- [ASSIGNMENT]:
Output all of the data below without changing a word, and exclude the pictures.

====== DATASET SECTION

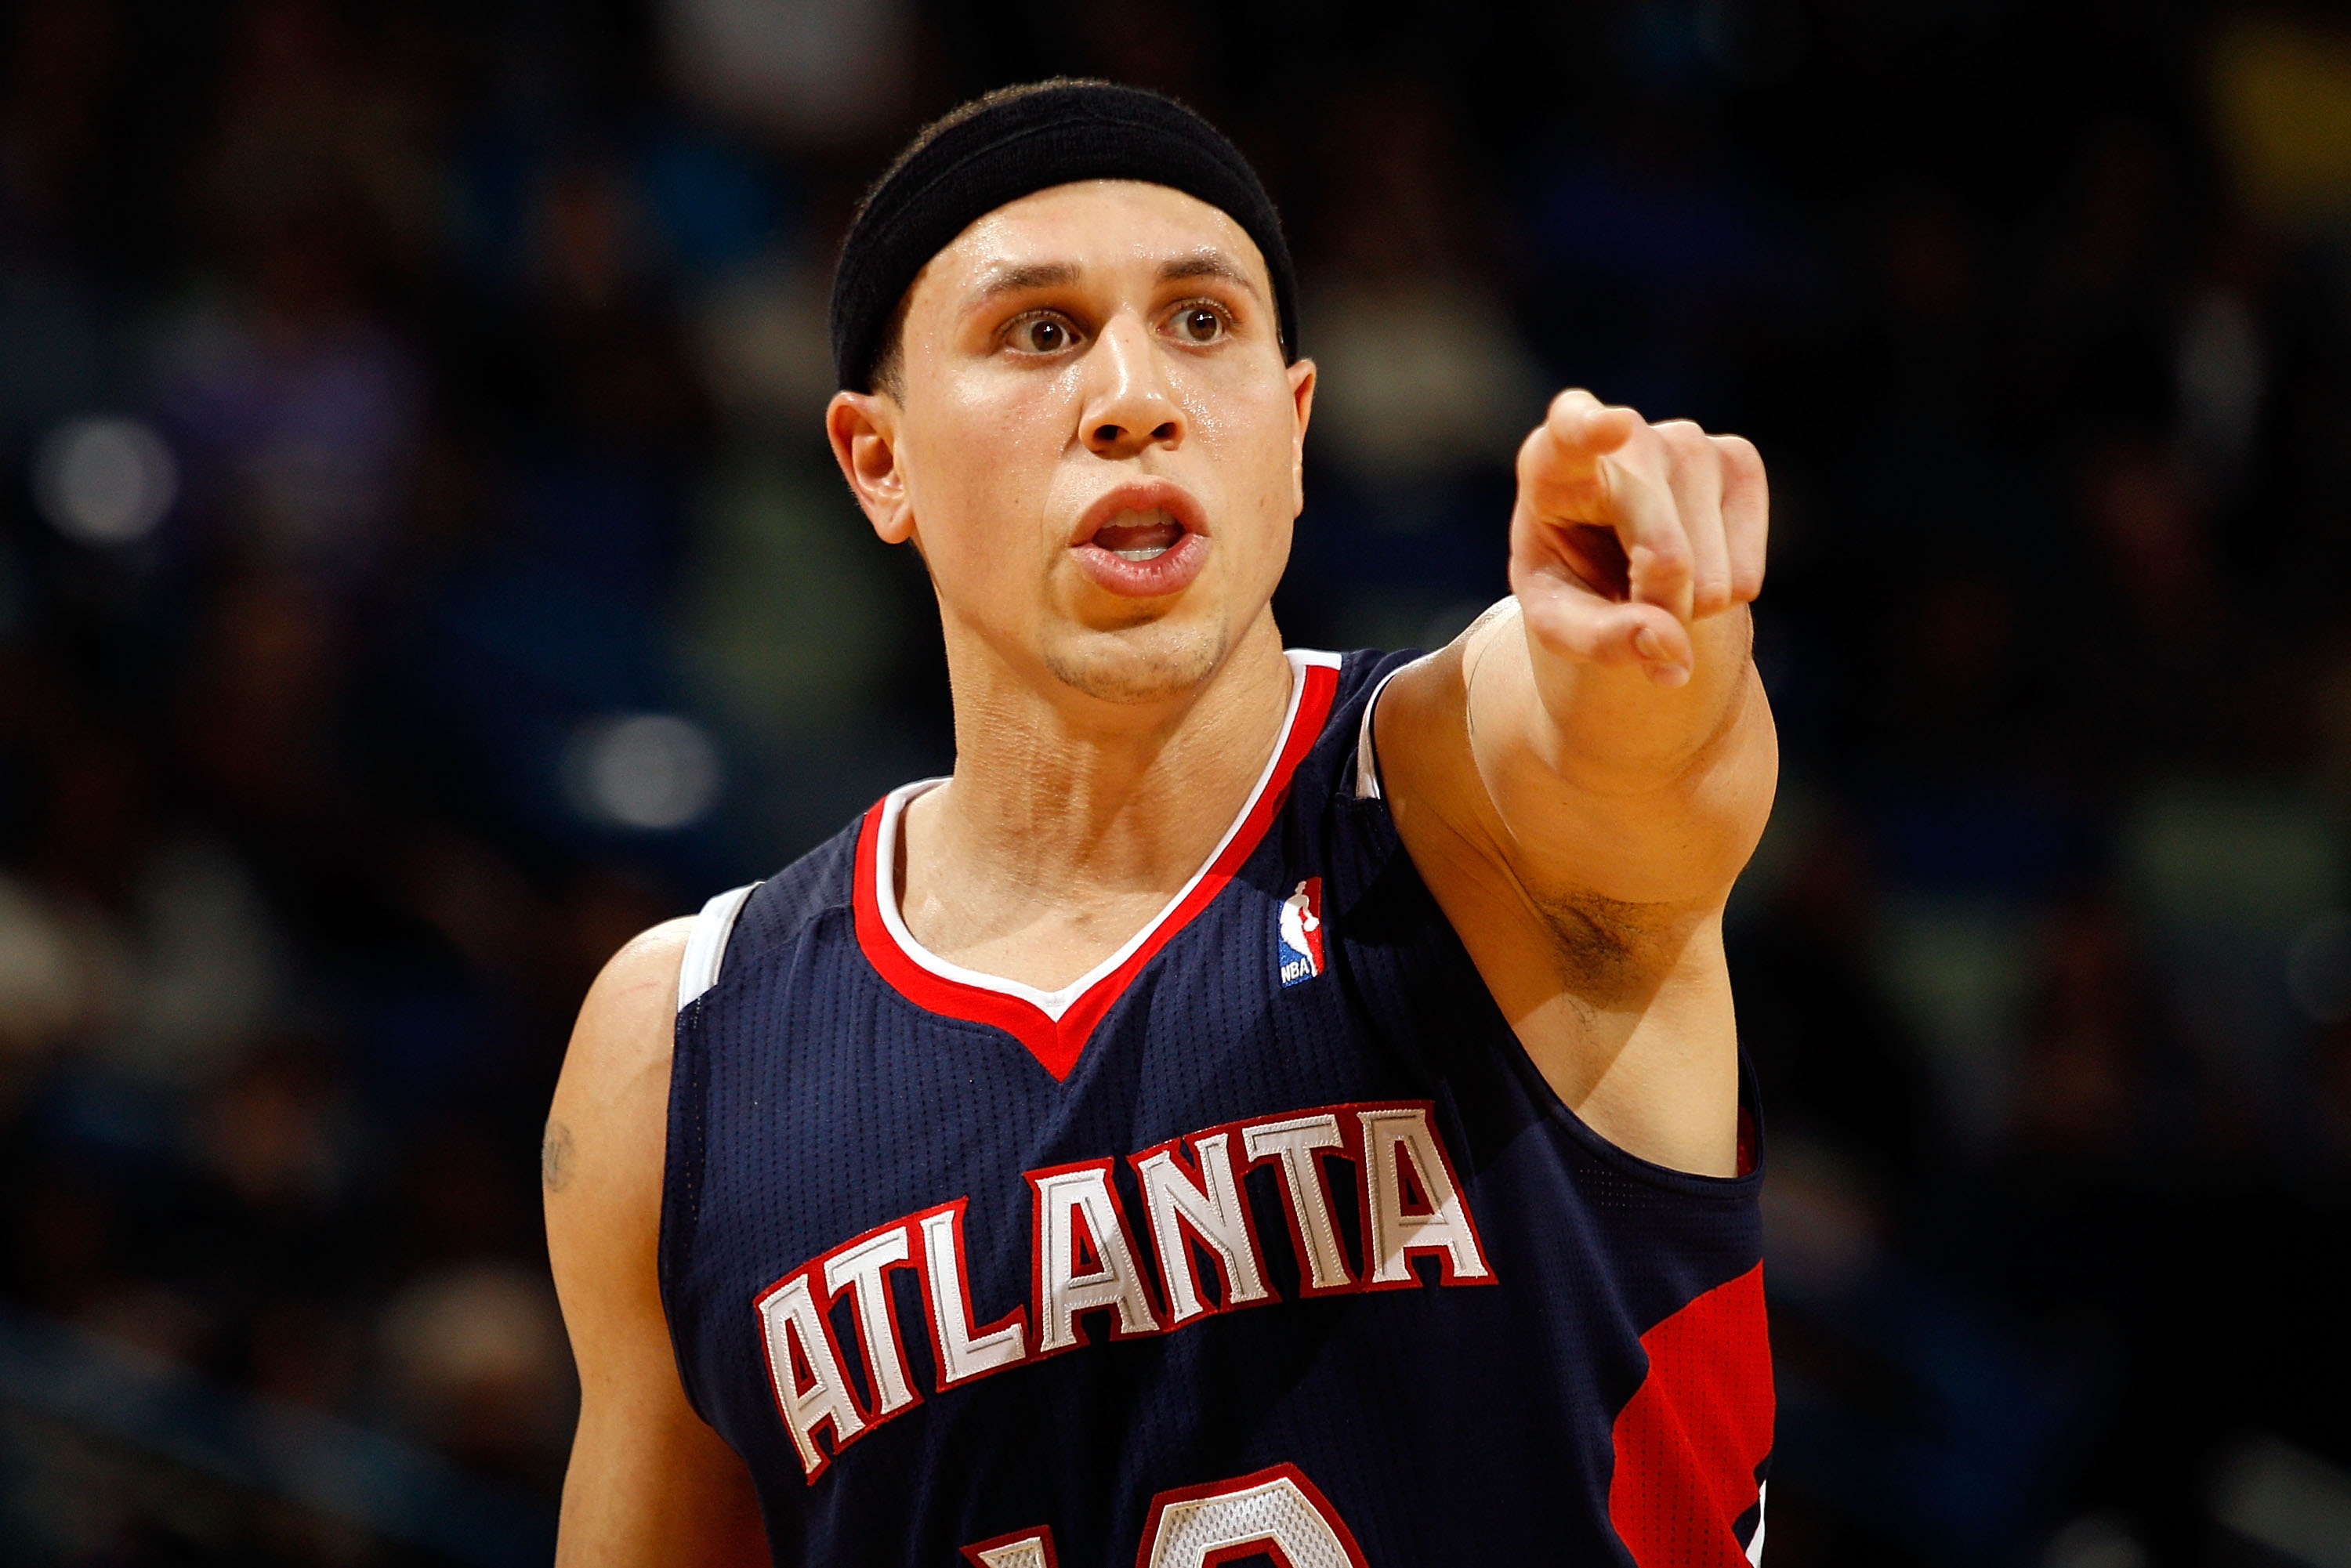 NEW ORLEANS, LA - DECEMBER 26:  Mike Bibby #10 of the Atlanta Hawks calls a play during the game against the New Orleans Hornets at the New Orleans Arena on December 26, 2010 in New Orleans, Louisiana.  The Hornets defeated the Hawks 93-86.  NOTE TO USER:
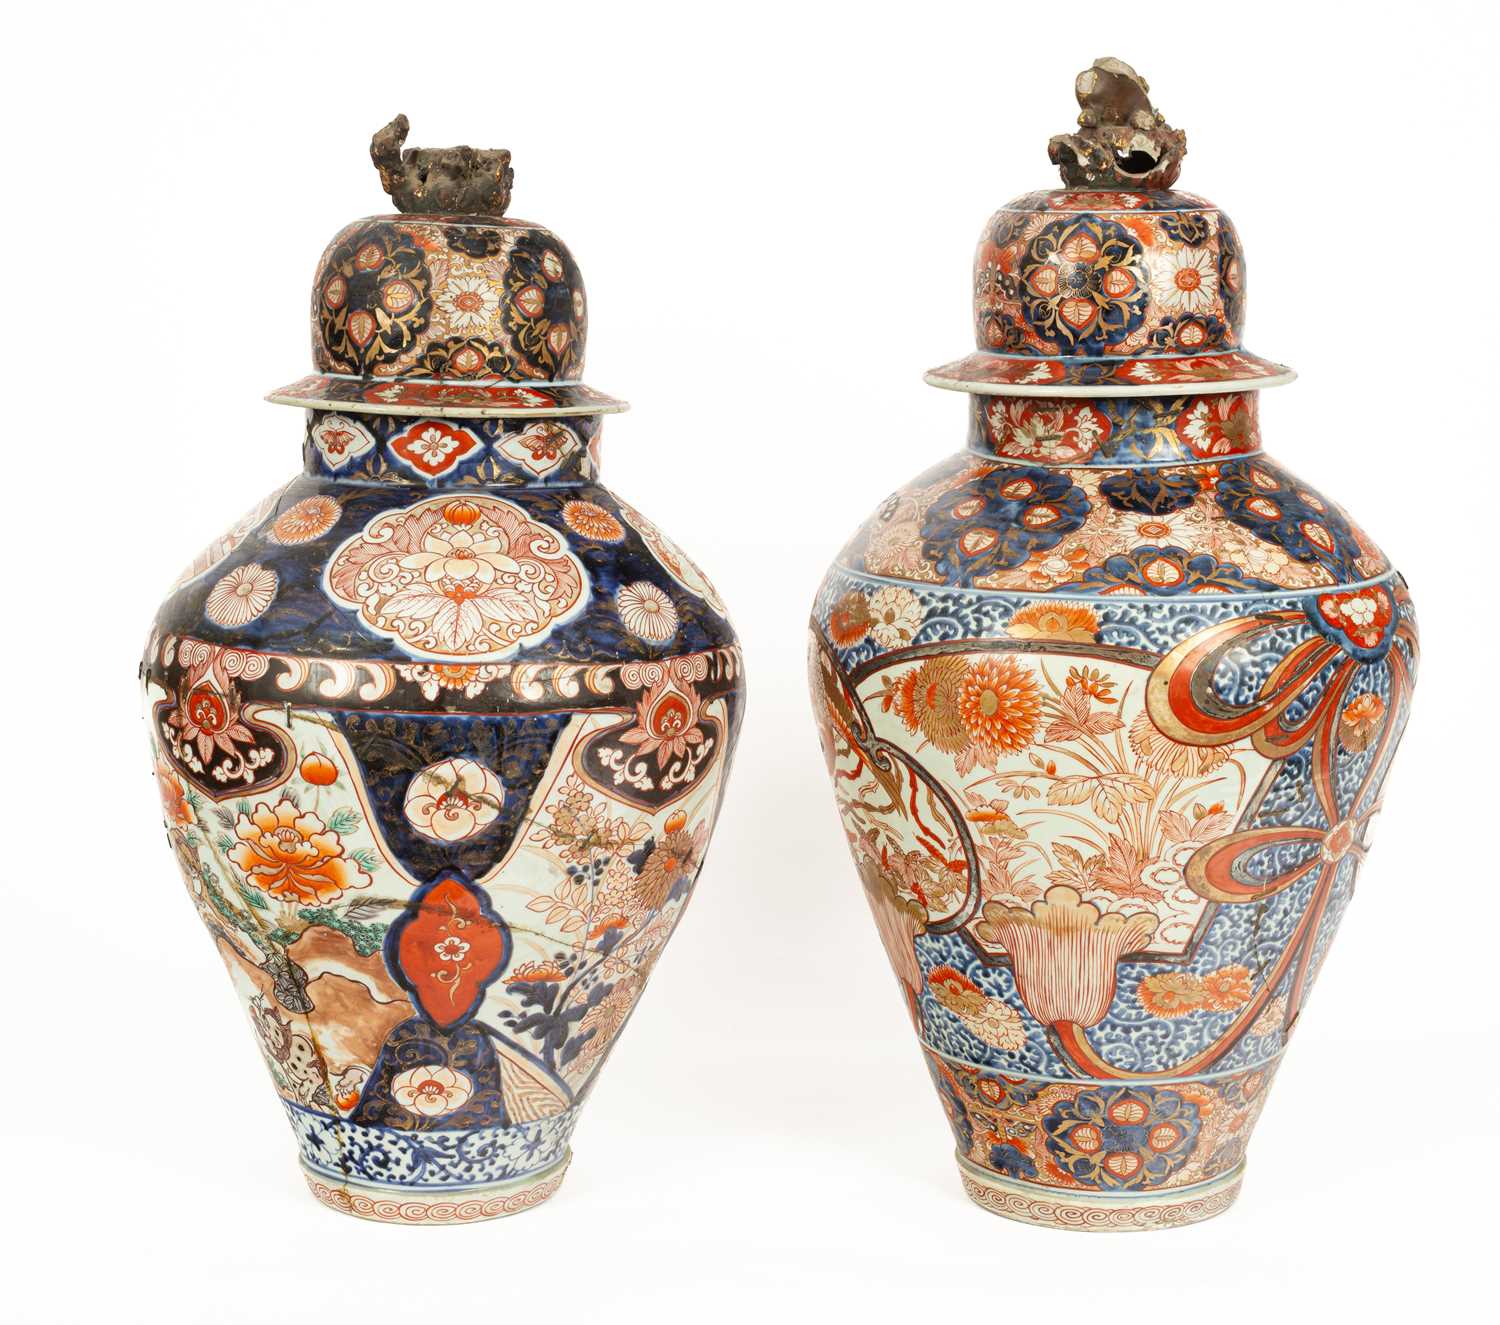 Two Japanese Imari large baluster vases with domed covers - Image 3 of 25
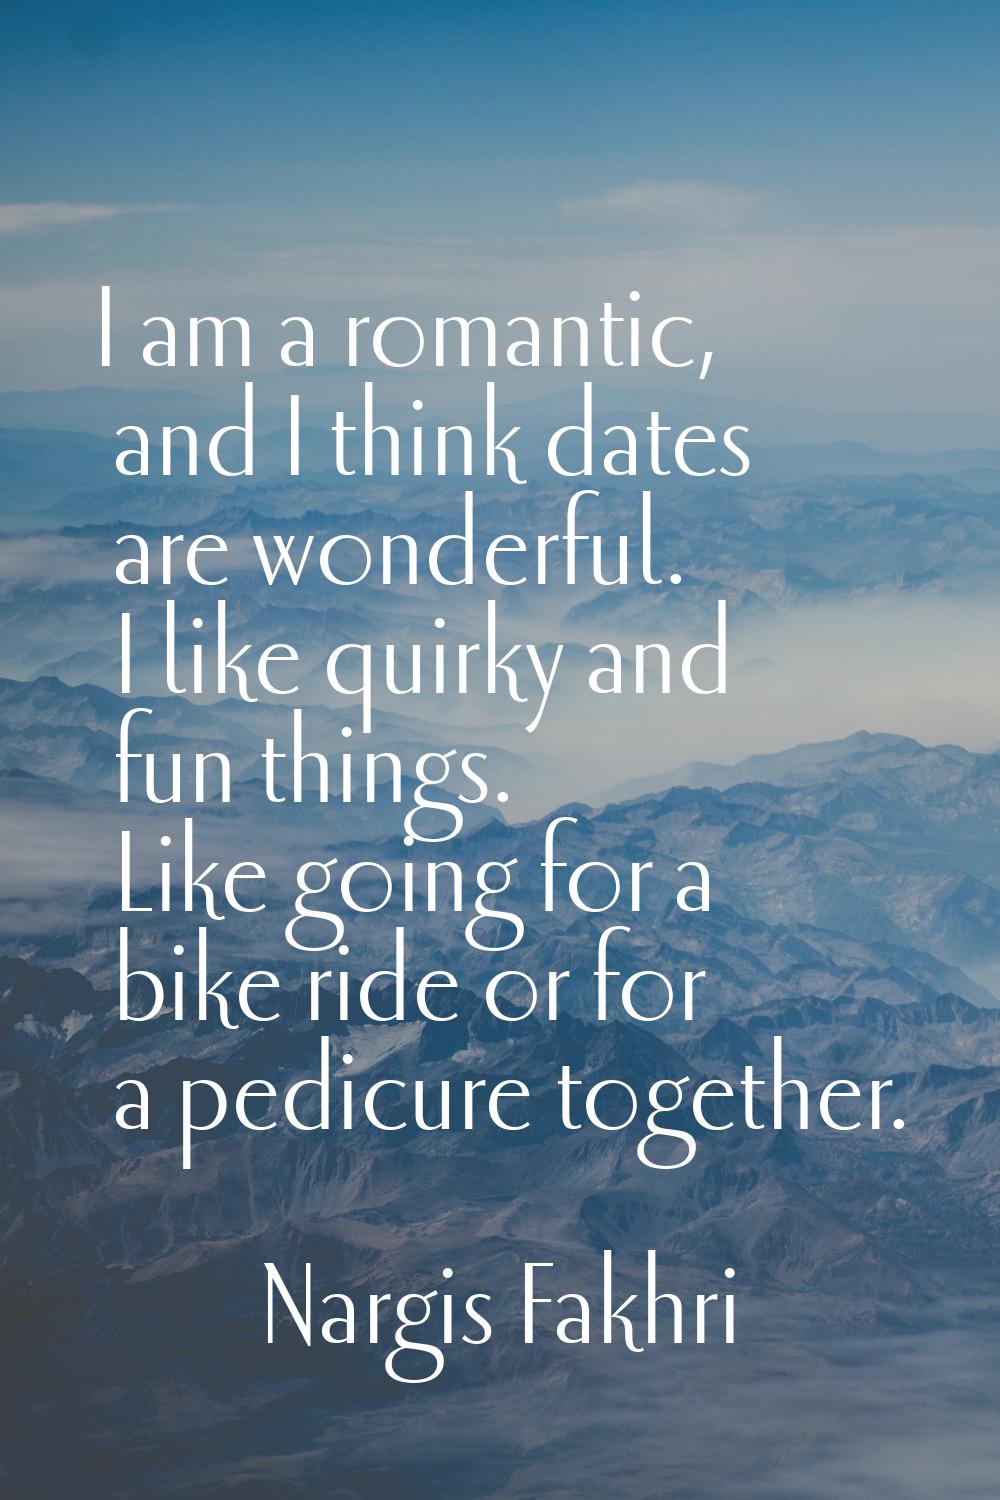 I am a romantic, and I think dates are wonderful. I like quirky and fun things. Like going for a bi

============

- [EXERCISE RESPONSE]:
 NEW ORLEANS, LA - DECEMBER 26:  Mike Bibby #10 of the Atlanta Hawks calls a play during the game against the New Orleans Hornets at the New Orleans Arena on December 26, 2010 in New Orleans, Louisiana.  The Hornets defeated the Hawks 93-86.  NOTE TO USER:
 Two Japanese Imari large baluster vases with domed covers - Image 3 of 25
 I am a romantic, and I think dates are wonderful. I like quirky and fun things. Like going for a bi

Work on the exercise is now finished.